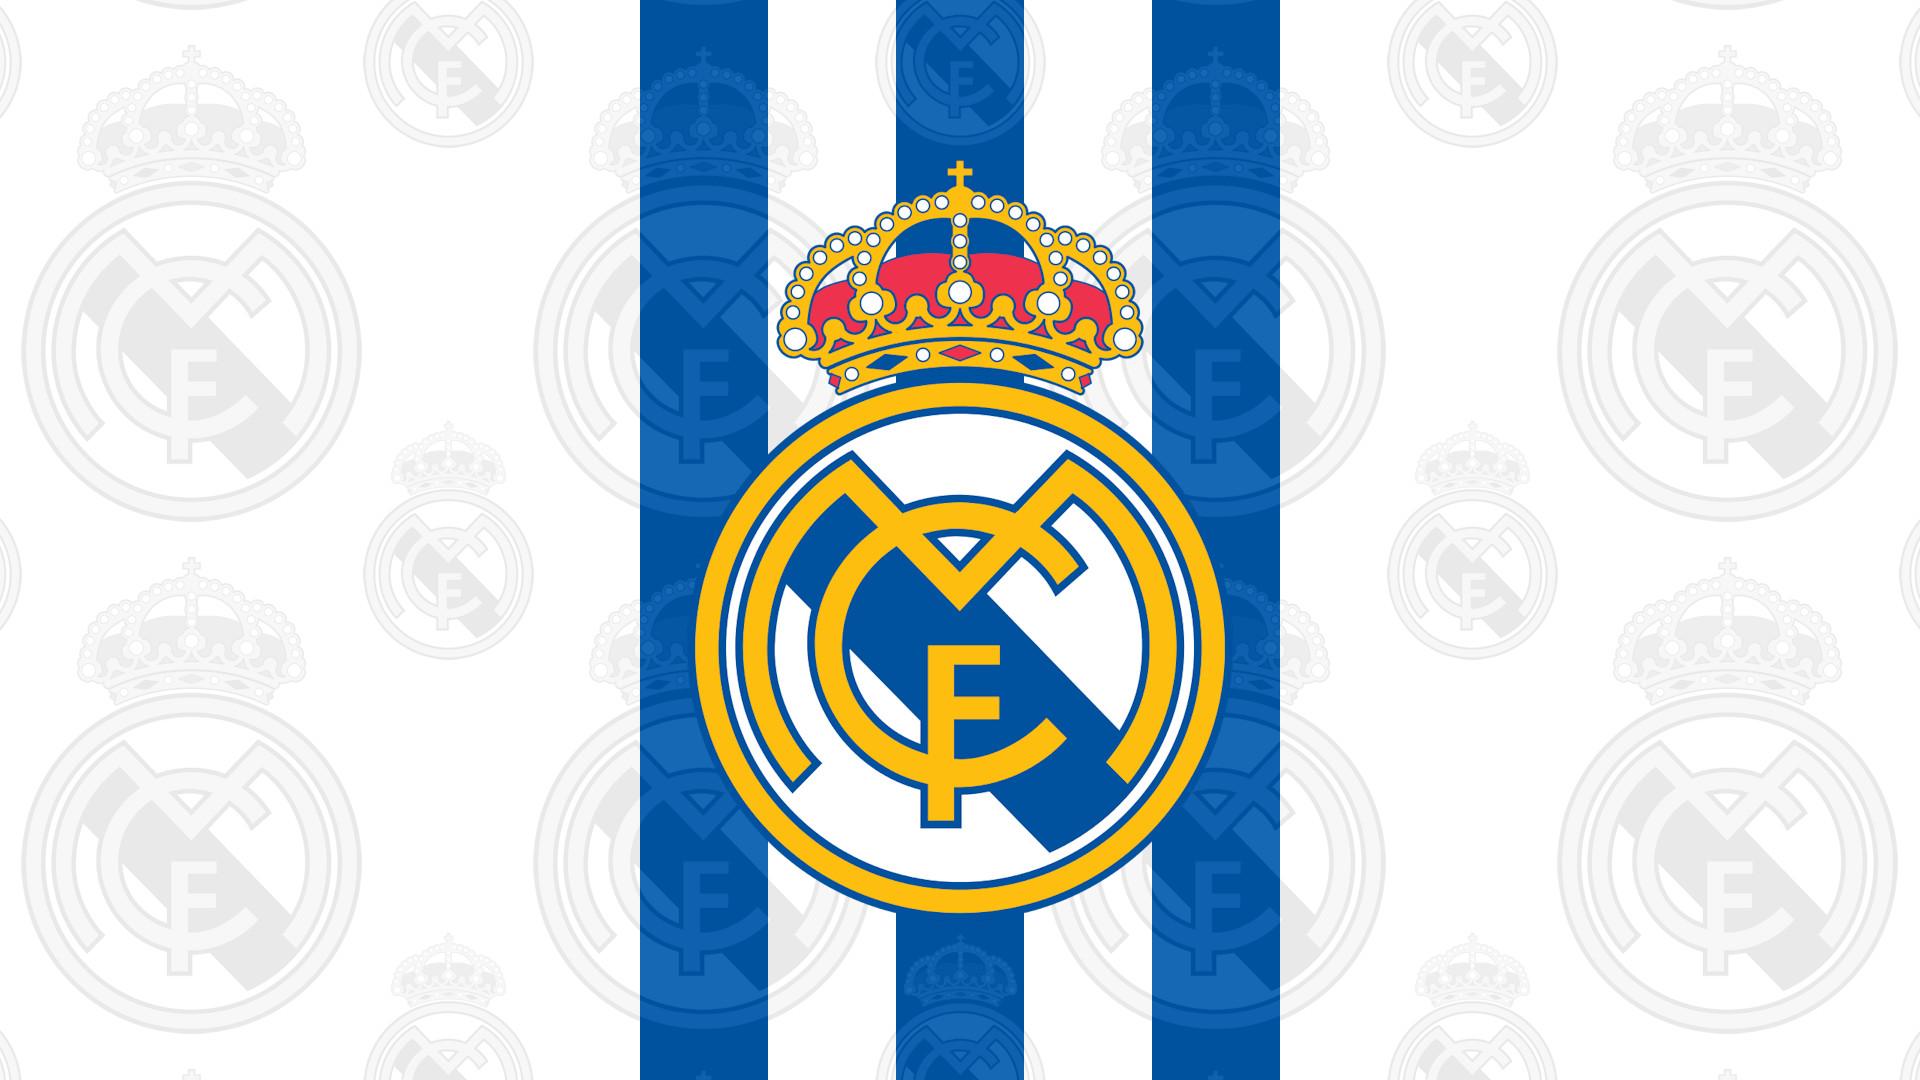 Download Wallpaper Real Madrid Bergerak Gallery | Images Wallpapers |  Pinterest | Real madrid and Wallpaper
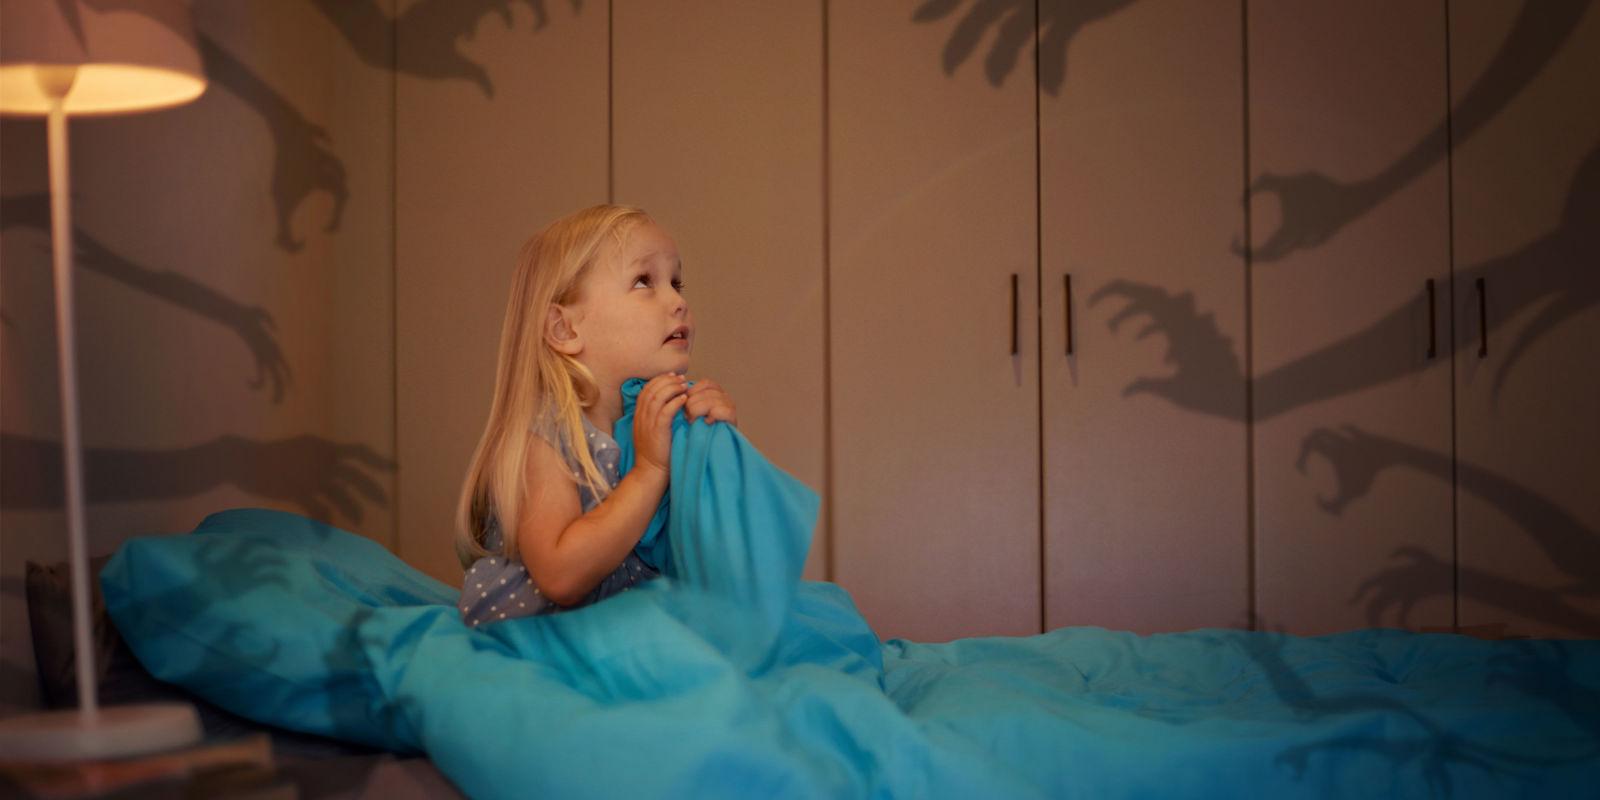 nightmares in preschoolers frequent nightmares you might be sleeping much 966
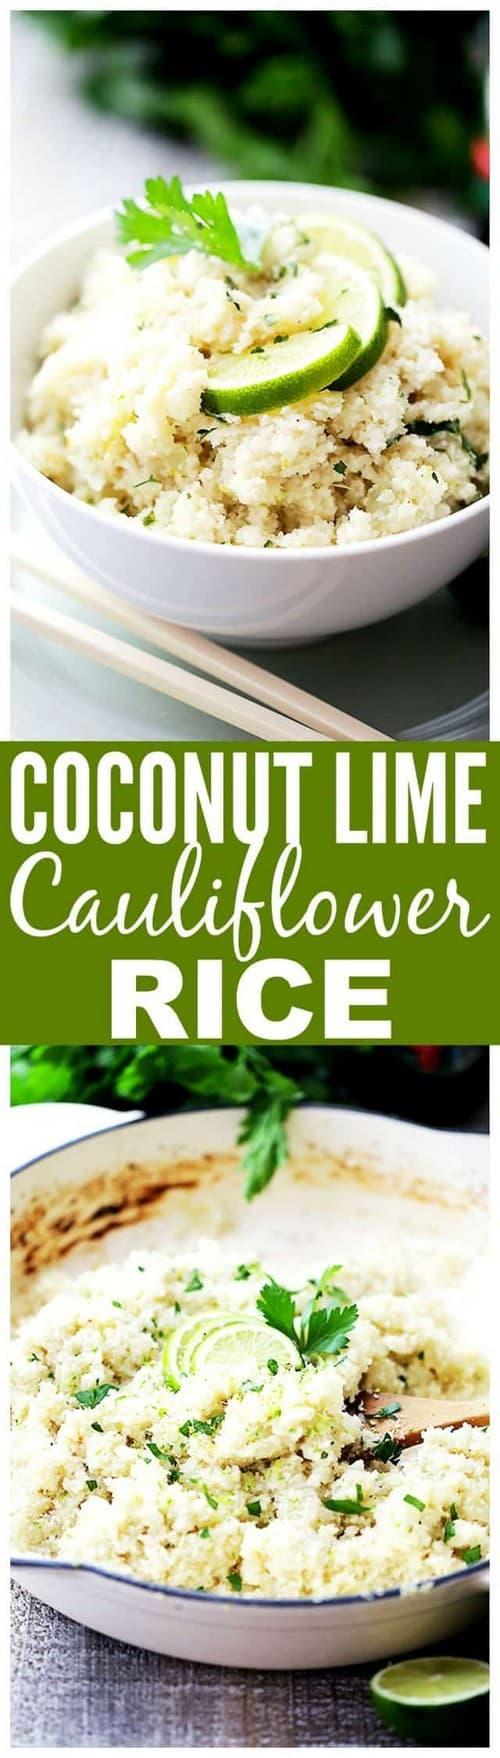 coconut-lime-cauliflower-rice
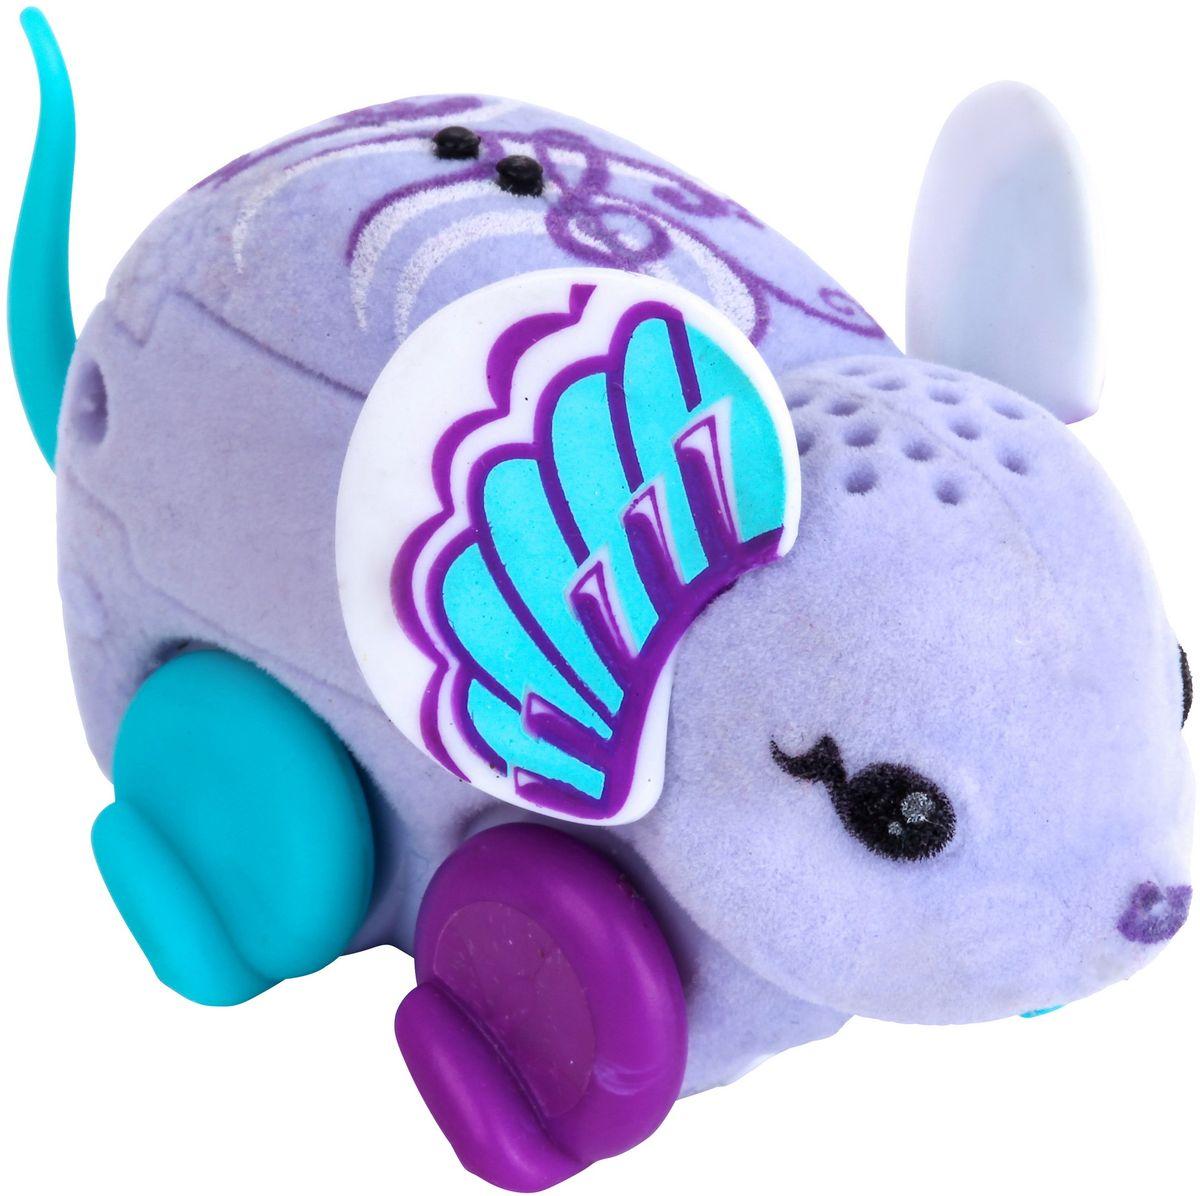 Moose Интерактивная игрушка Мышка Classical Melody - Интерактивные игрушки

★ ★ ★

Problem statement: Only the lines from the line with "nightmares in preschoolers" through the closing line of the data, both included, should be set down, exactly as written and without pictures.

Response below:
 nightmares in preschoolers frequent nightmares you might be sleeping much 966
 coconut-lime-cauliflower-rice
 Moose Интерактивная игрушка Мышка Classical Melody - Интерактивные игрушки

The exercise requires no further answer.